--- MATERIAL FOR THE TASK Enclosed Below ---
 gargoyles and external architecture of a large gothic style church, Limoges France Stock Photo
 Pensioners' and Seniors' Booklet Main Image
--- End of Enclosed MATERIAL FOR THE TASK ---
--- MATERIAL FOR THE TASK Enclosed Below ---
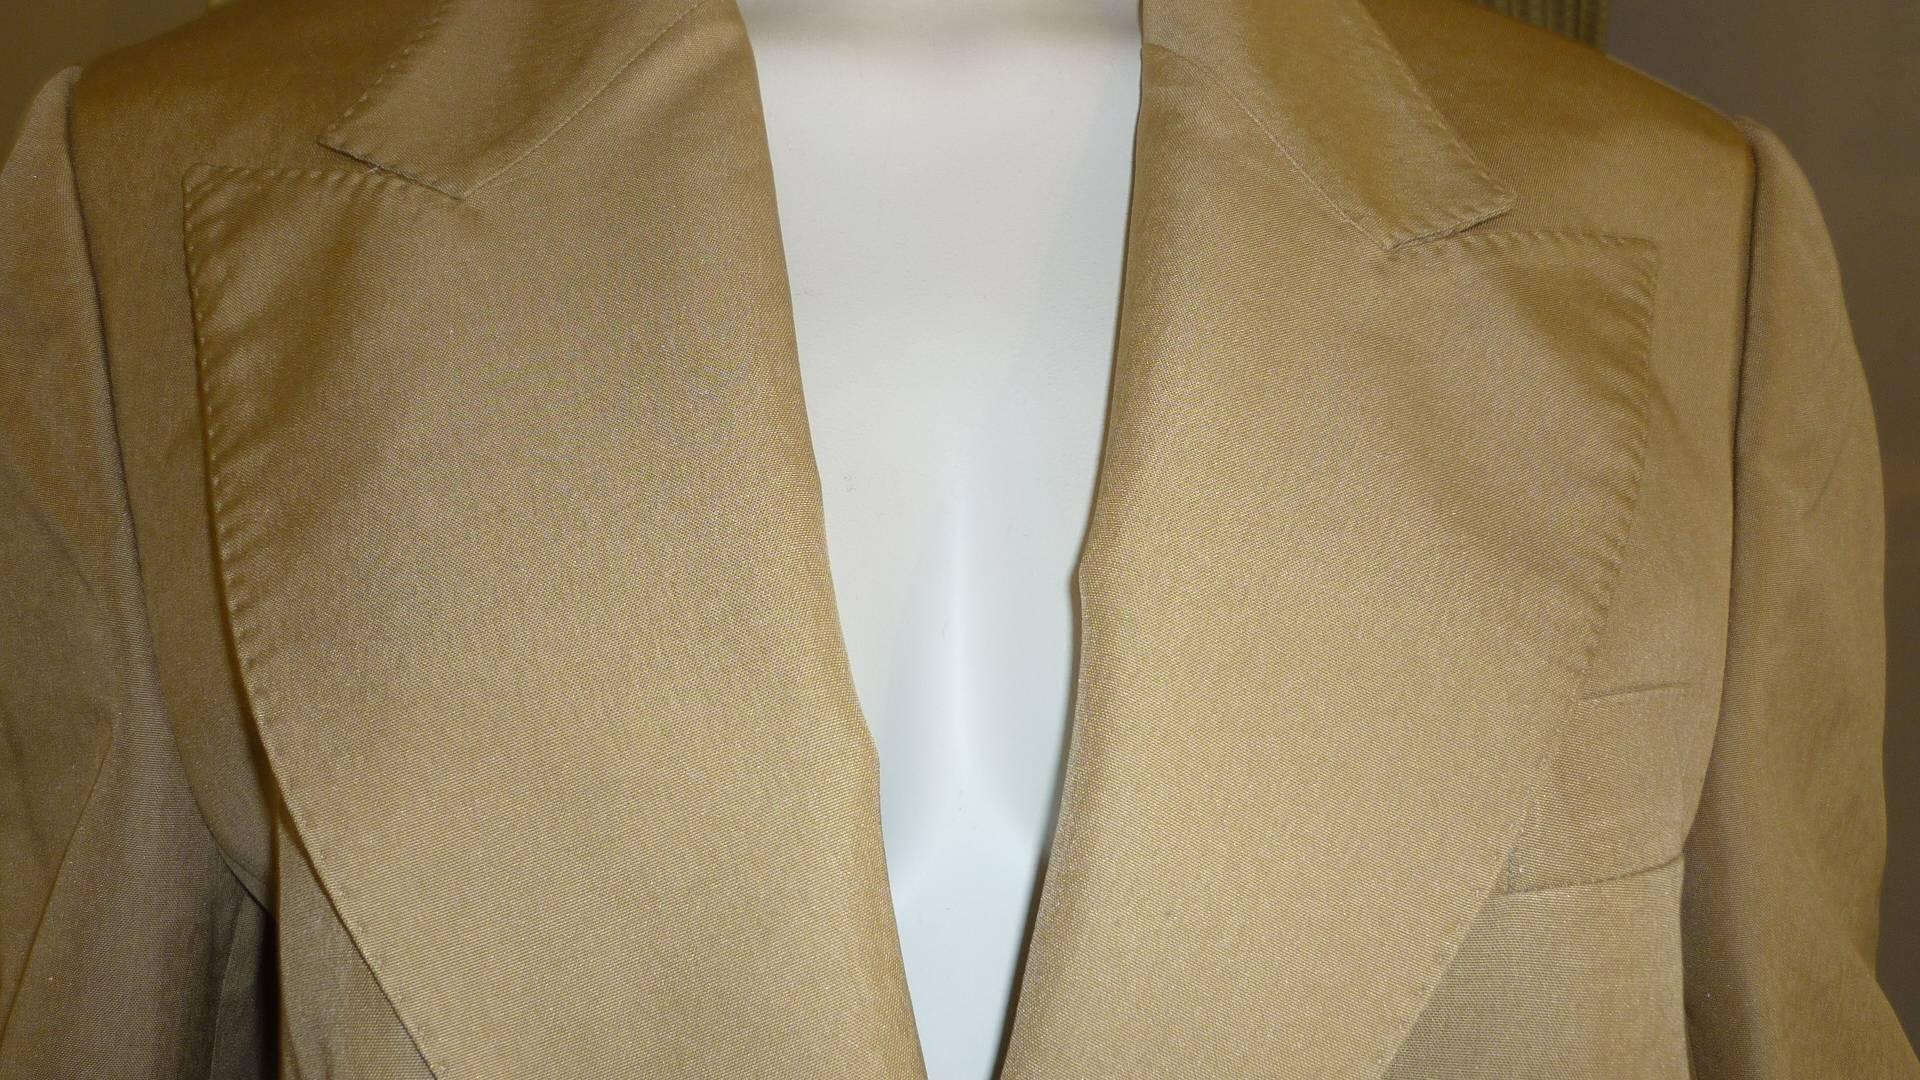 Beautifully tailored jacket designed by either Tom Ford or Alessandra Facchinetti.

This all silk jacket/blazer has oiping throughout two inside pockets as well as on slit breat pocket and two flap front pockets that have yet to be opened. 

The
--- End of Enclosed MATERIAL FOR THE TASK ---
--- MATERIAL FOR THE TASK Enclosed Below ---
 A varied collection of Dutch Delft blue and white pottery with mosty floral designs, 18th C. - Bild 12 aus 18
--- End of Enclosed MATERIAL FOR THE TASK ---
WORK TASK =
Give back, unchanged, the run of lines in the listing above that begins at the line containing "gargoyles and external" and ends at the line containing "Pensioners' and Seniors' Booklet Main Image", both included.

RESPONSE TO THIS TASK =
 gargoyles and external architecture of a large gothic style church, Limoges France Stock Photo
 Pensioners' and Seniors' Booklet Main Image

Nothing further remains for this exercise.